Among other key findings from the report:
The average global consumer spent 7.97 hours per day with media in 2022, up from 7.14 hours in 2017 (in some markets, like Japan, daily media usage exceeded 12 hours per day);
Digital media has been gaining approximately a 2% share annually in total usage over the past five years, with consumers spending 35.3% of their time with digital media in 2022, up from 25.5% share in 2017 (in four markets, like South Korea, digital usage exceeded 50% in 2022);
Ad-supported media accounted for 53.7% of time spent in 2022, down from a 58.5% share in 2017, with global consumer-driven media usage to exceed 50% for the first time in 2027 (in the U.S., this reflection point was reached in 2018); The Greatest Generation (born before 1945), use media the most, averaging 90.08 hours per week in 2022, while Millennials (1983-1996) use digital media the most, at 23.49 hours per week, and i-Gens’ (1997-2012) digital usage exceeds 50% (51.1%) (in most mature markets, Millennials also use digital media more than 50% of the time);
Television (including live, digital, streaming and over-the-top (OTT) video) remains the most used of the 11 media platforms that PQ Media tracks, reaching 27.78 hours per week in 2022, while home video posted the fastest growth, up 11.5% (fuelled by consumers returning to movie theatres and more blockbuster hits being released);
Mobile video posted the highest gain of the 22 digital channels that PQ Media monitors, up 18.6% in 2022, while OTT video is the most used digital channel at 7.27 hours per week (but only six digital media channels exceeded a 10% growth during the year);
Traditional media usage was at in 2022, with only print books, over-the-air (OTA) radio, and print newspapers posting growth during the year, some of which was fuelled by coverage of the Ukraine conflict (but overall traditional media usage will begin to decline in 2023 and is not expected to post positive growth ever again);
“As consumers continue to cut discretionary spending in 2023 amid current consumer sentiment and other key macroeconomic conditions, media companies have had to readjust prot projections and act accordingly.
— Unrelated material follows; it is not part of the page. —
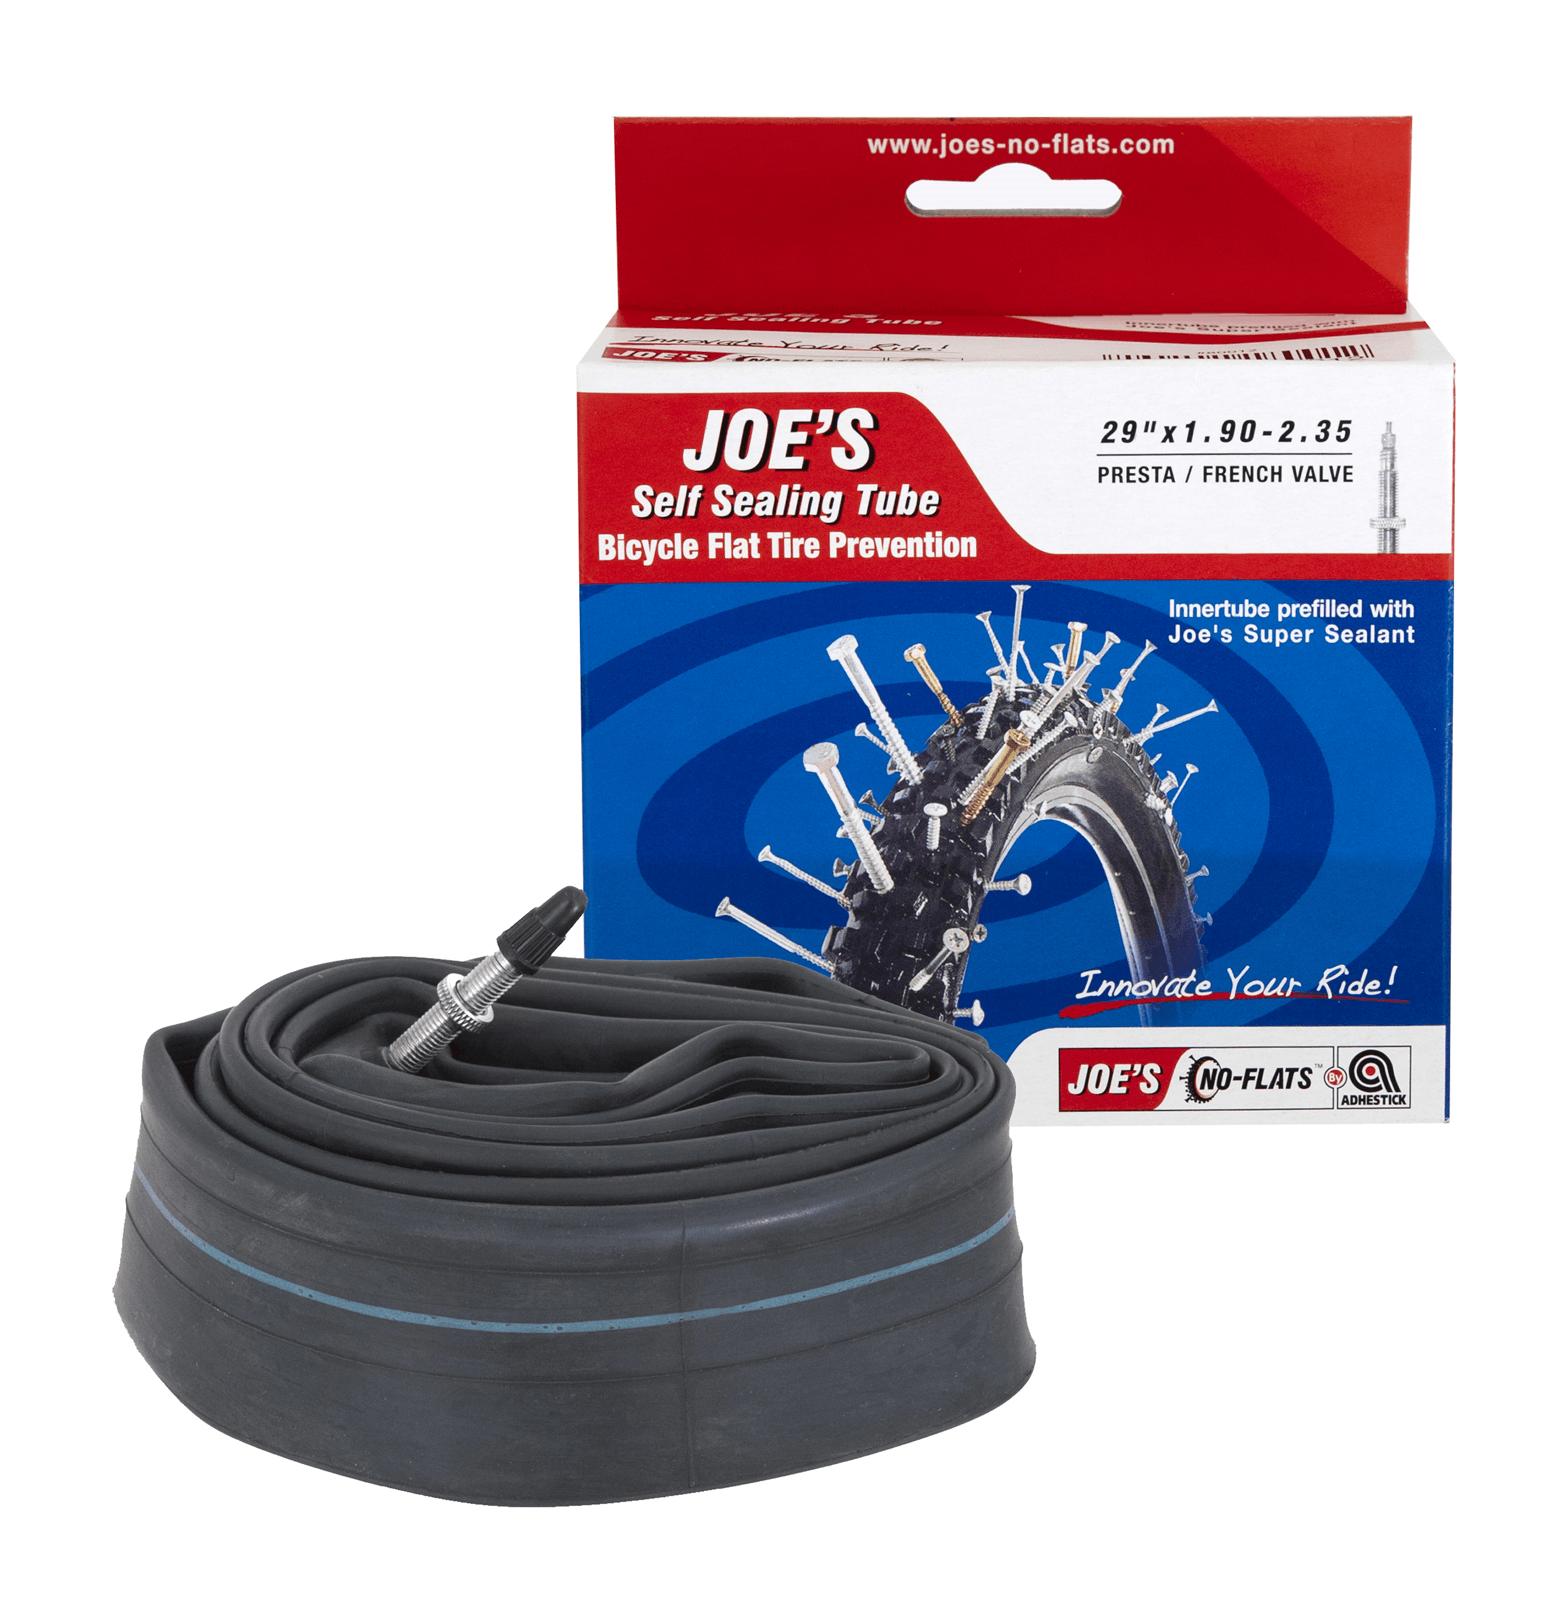 Joe's No Flats Slange med Super Sealant 29x1.90-2.35

For example, streaming video services reported in 1Q23 that they're cutting back production schedules of original content, other than live sports, as the average consumer is dropping to only four subscriptions OTT services from six last year, shaving off excess content subs that were added during the apex of the pandemic in 2020-21," said PQ Media's Quinn. "As the gold rush to cash in on what appeared to be a sweeping secular shift to streaming video, audio, news, entertainment and sports was, ultimately, a non-recurring, short-term, cyclical event with resulting blowback implications on the broader economy.